The congressman’s 1st congressional district takes in the Eastern Shore and northern parts of Harford and Baltimore counties, and comes nowhere close to Montgomery County.

In his letter to Redfield, Harris — an anesthesiologist — argues that Montgomery County’s COVID-19 positivity and hospital rates remain relatively low.

“It is not appropriate for a county health officer to preemptively impose a blanket mandate that no
school can safely open, regardless of circumstance,” Harris wrote to Redfield. “…With these current metrics as a backdrop, I fear that Montgomery County, through Dr. Gayles’ repeated attempts to preemptively foreclose the prospect of any schools reopening (county public schools having already decided not to reopen), is using public health as a stalking horse to further a long-fought campaign against private primary and secondary education.”

Harris argued that a federal investigation of Montgomery County’s actions would be appropriate “[g]iven the large sum of federal funds that flow into county health departments, particularly during the present COVID-19 pandemic.”

“I respectfully request that CDC or the appropriate authority within the U.S. Department of Health and Human Services (HHS) Office of Inspector General (OIG) investigate the particular situation within Montgomery County, to ensure that all decisions are being made exclusively with our children’s best interest and public health in mind,” Harris wrote. “Anything less would be an abuse of their authority, a dereliction of duty, and a misuse of our federal public health funds.”

Harris’ letter came as Gov.
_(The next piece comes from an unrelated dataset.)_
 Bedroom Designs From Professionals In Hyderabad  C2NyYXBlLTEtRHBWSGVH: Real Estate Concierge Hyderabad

Lawrence J. Hogan Jr.’s (R) administration reiterated its authority over county officials on Thursday, stating that any “blanket” restrictions on in-person learning in private and religious schools goes against state policy.
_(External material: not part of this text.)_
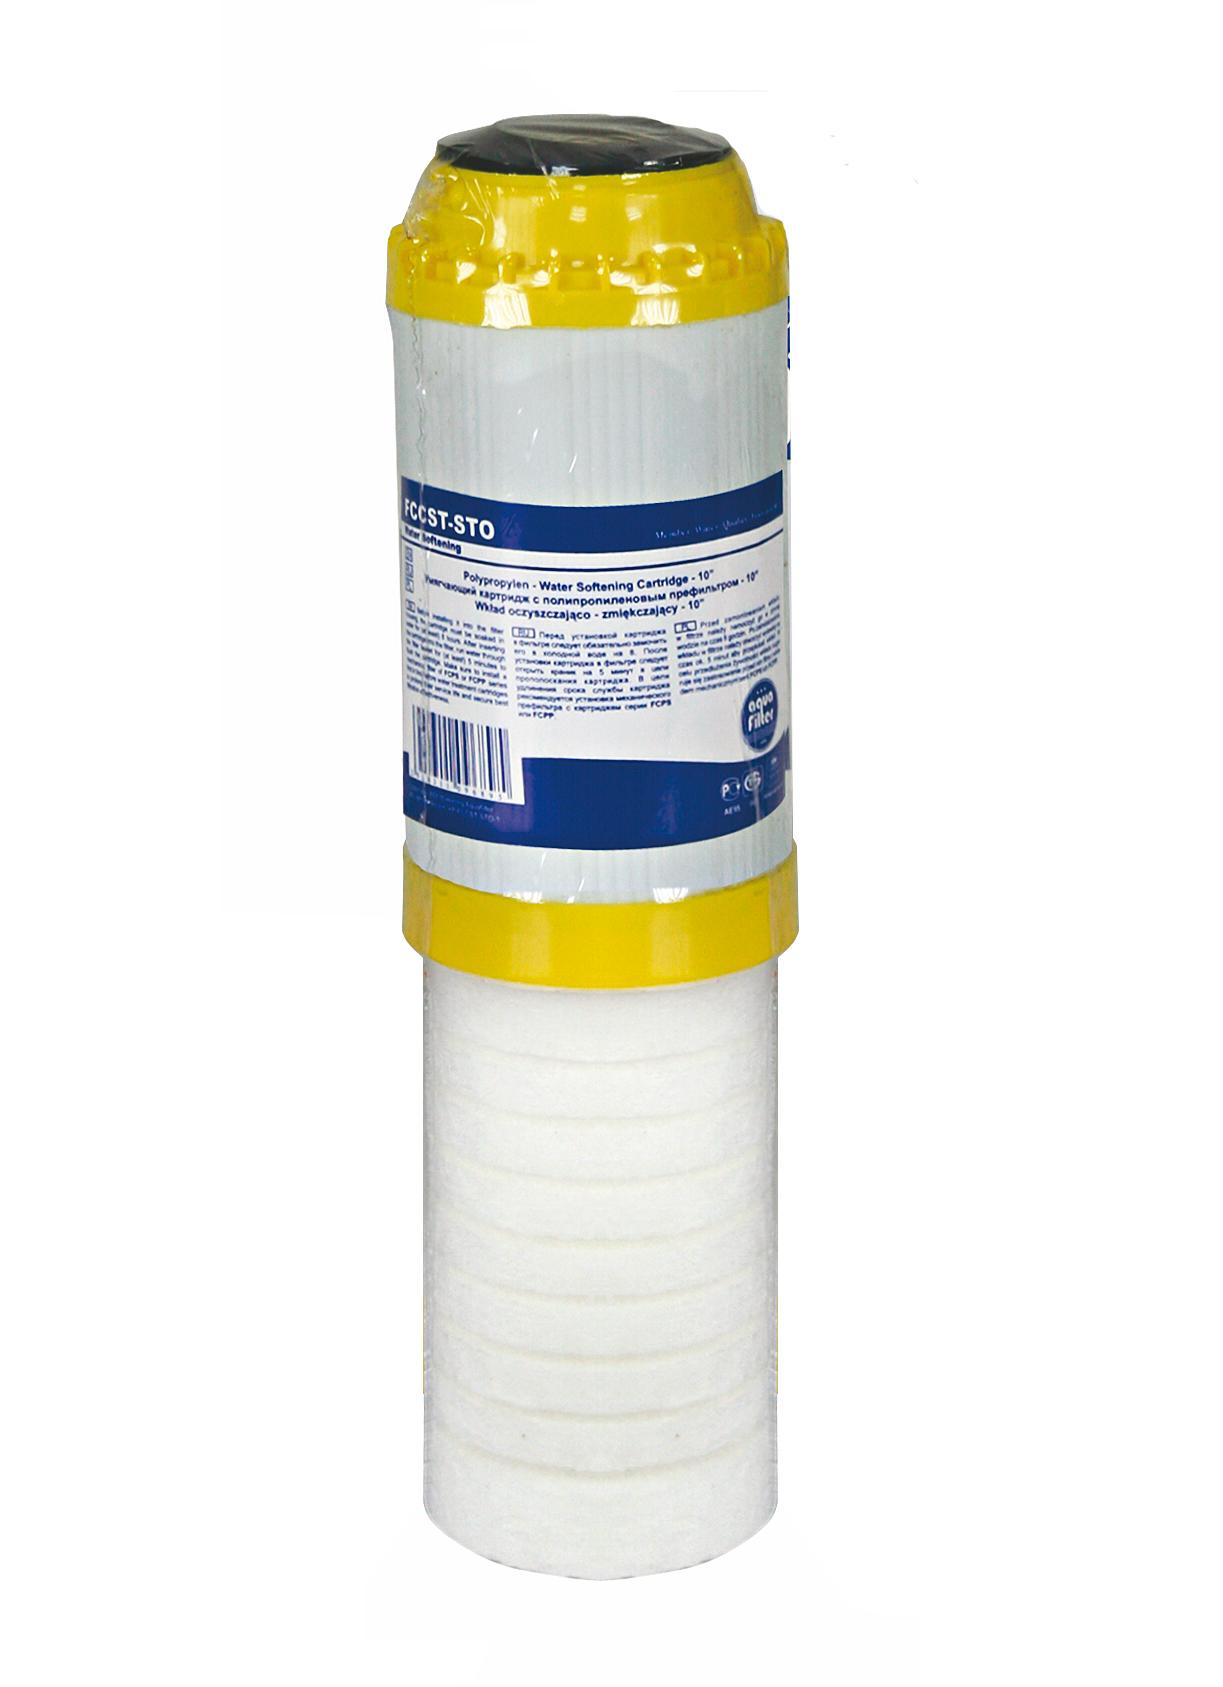 Картридж Aquafilter Fccst-sto гранулят

“At this time, it is the health policy of the State of Maryland that non-public schools not be closed in a blanket manner,” Maryland Health Secretary Robert R. Neall wrote in a memo sent to all local health officers.

Citing Hogan’s executive order, Neall echoed that every school, public or private, should have the power to decide their own reopening plans, as long as they align with CDC recommendations and the Maryland State Department of Education’s recovery plan.

“Those determinations should be made in close consultation with the affected schools and local health departments with Maryland Department of Health guidance,” he wrote.

The memo came in response to Gayles’ order, prohibiting nonpublic schools in Montgomery County to reopen in-person through at least Oct. 1.

Over the last week, the county and the state have been disputing over who has the authority to decide when and how private schools should reopen.

In his letter to the CDC, Harris expressed concern about the detrimental behavioral effects on children if they continue to stay at home during the next school year.

“The continued rise in suicide and opioids death, coupled with the recognized mental health consequences of keeping children isolated, are of great concern to myself, Maryland’s First Congressional District, and the country at large,” he wrote.

Harris said the appropriate role of a local health officer should “to inspect the school to ensure proper guidelines are in place and being followed, not to override decisions made by a school or school system in compliance with the best available science and guidance.”

Harris wasn’t the only member of Maryland’s congressional delegation to weigh in on the controversy.

When asked Thursday what he thinks about the clash between Montgomery County and the state, U.S. Sen. Benjamin L. Cardin (D) wrote in an email, “We all want schools to reopen but it has to be done safely.”